The proposed merge_dims
op would allow different dimensions to be merged. It would take as a parameter a list of which axis of the input to send each axis of the output. If multiple input axes get mapped to the same output axis, they get merged. This list must be the same length as the rank of the input.
So, for example, this table shows on the left the input shape, in the middle the target_axes parameter, and on the right the output shape that the layer would produce:
[2, 3, 5] -> [0, 0, 0] -> [30]
[2, 3, 5] -> [0, 0, 1] -> [6, 5]
[2, 3, 5] -> [0, 1, 1] -> [2, 15]
[2, 3, 5] -> [0, 1, 0] -> [10, 3]
[2, 3, 5] -> [1, 0, 1] -> [3, 10]
[2, 3, 5] -> [1, 0, 0] -> [15, 2]
[2, 3, 5] -> [0, 1, 2] -> [2, 3, 5]
[2, 3, 5] -> [2, 1, 0] -> [5, 3, 2]
Let’s explain in more detail one of these examples:
in_shape = [2,3,5]
target_axes = [0, 1, 1]
output_shape = [2, 15]
First, keep in mind that target_axes
uses zero indexing, so 0
refers to the first axis of the input, 1
refers to the second axis, etc.
The initial 0
of target_axes
means “send the first axis of the input to the first axis of the output”; therefore the first element of output_shape
is 2.
Next, the remaining 1, 1
of target_axes
means “send the second and third axis of the input to the second axis of the output”, therefore the second element of output_shape
is 3*5=15
.
This mechanism is quite flexible and allows for arbitrary re-ordering of the dimensions in addition to merging, which you can see in the final two rows of the table.
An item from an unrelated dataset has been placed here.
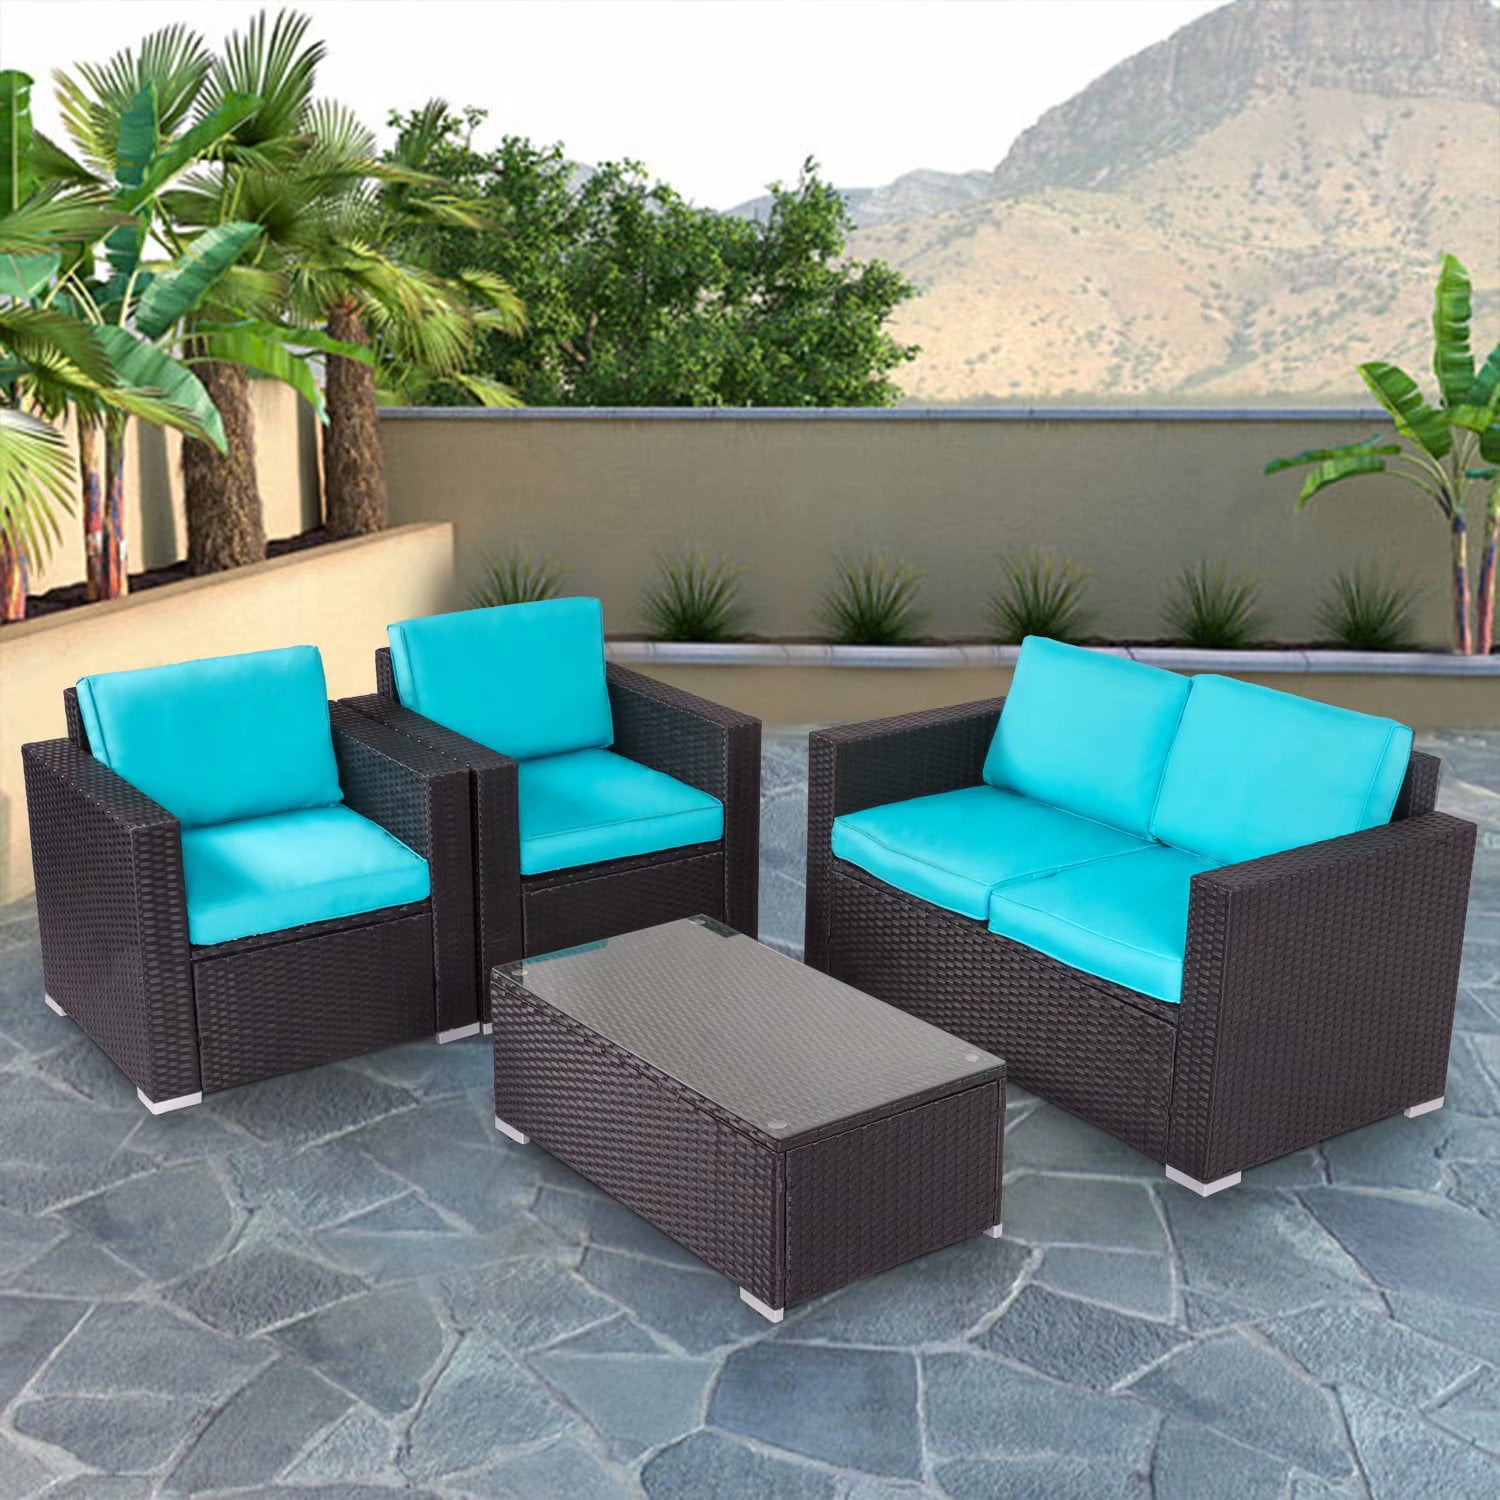 Kinbor 4pcs Outdoor Patio Furniture Pe Rattan Wicker Rattan Sofa

In Python, the exact semantics would be as follows:
def out_shape(in_shape, target_axes):
assert(len(in_shape) == len(target_axes))
out_shape = [1] * (1 + max(target_axes))
assert(min(target_axes) >= 0)
for (in_dim, target_axis) in zip(in_shape, target_axes):
out_shape[target_axis] *= in_dim
return out_shape
We will implement this if approved.
Edit: unwithdrawn.